Its goal is also to make clear how the decommissioned structures can be repurposed for the 21st century, as the UK transitions to a greener energy network.
"We're used to seeing cooling towers from afar; they're the distant markers in the landscape by which we calibrate our journeys to and from home," concluded Croft.
"Yet up close they're exquisite sculptural objects, designed by some of the leading engineers, architects and landscape architects of the day."
Read on for Croft and Marshall's picks of seven "immensely photogenic" features of the UK's under-threat cooling towers:

Tower mouth
"Are cooling towers the original James Turrell-esque Skyspace?
"Turrell has been creating Skyspaces since 1974. They give space for thought and alter our perception of light, with an aperture in the ceiling through which to view the sky. Though designed as purely functional structures, the perspective of the sky framed by the gaping mouth of a cooling tower evokes a similar sensation.
"This photograph was taken within one of the pair of towers at Tinsley in Sheffield.
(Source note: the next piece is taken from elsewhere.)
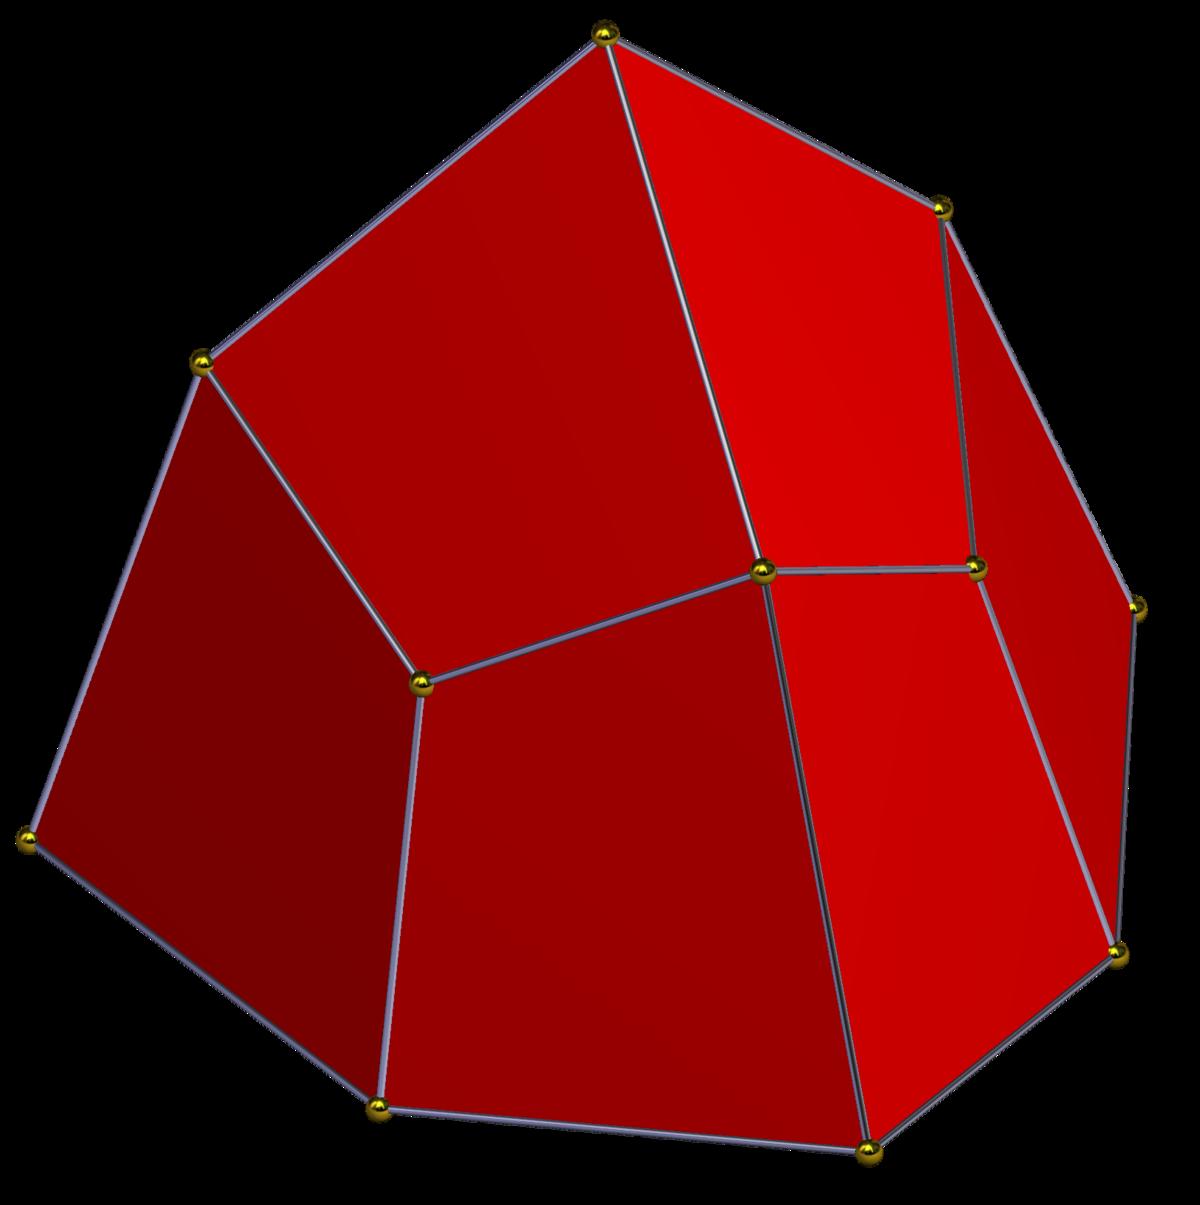 File:BSicon tABZ+rx1.svg - Wikipedia

Sadly demolished in 2008, despite a vigorous local campaign and coverage on Channel 4's Big Art Project, they were Britain's last surviving pre-war examples of cooling towers."

Internal walkway
"This slender internal walkway spans the full width of the tower and gives another indication of its extraordinary scale – more than 114 metres tall and 30 metres wide. which is two and a half times the height of Nelson's Column and large enough to swallow the dome of St Paul's Cathedral whole.
"Their cinematic quality has also seen cooling tower interiors used as the setting for key scenes in Terry Gilliam's epic Brazil, the Pete Postlethwaite film Among Giants and most recently, the BBC series Sherlock."

Coffin doors
"These peculiar oval openings are positioned approximately a third of the way up the side of a cooling tower and were generally known as the 'coffin door' or 'hobbit door', providing the only access point for engineers and technicians.
"Their design is a result of the concave structure of the towers, a geometric form known as a hyperboloid. Despite their enormous size, the reinforced concrete shell of a cooling tower is only 17 centimetres thick. Like an eggshell, its strength derives from its shape."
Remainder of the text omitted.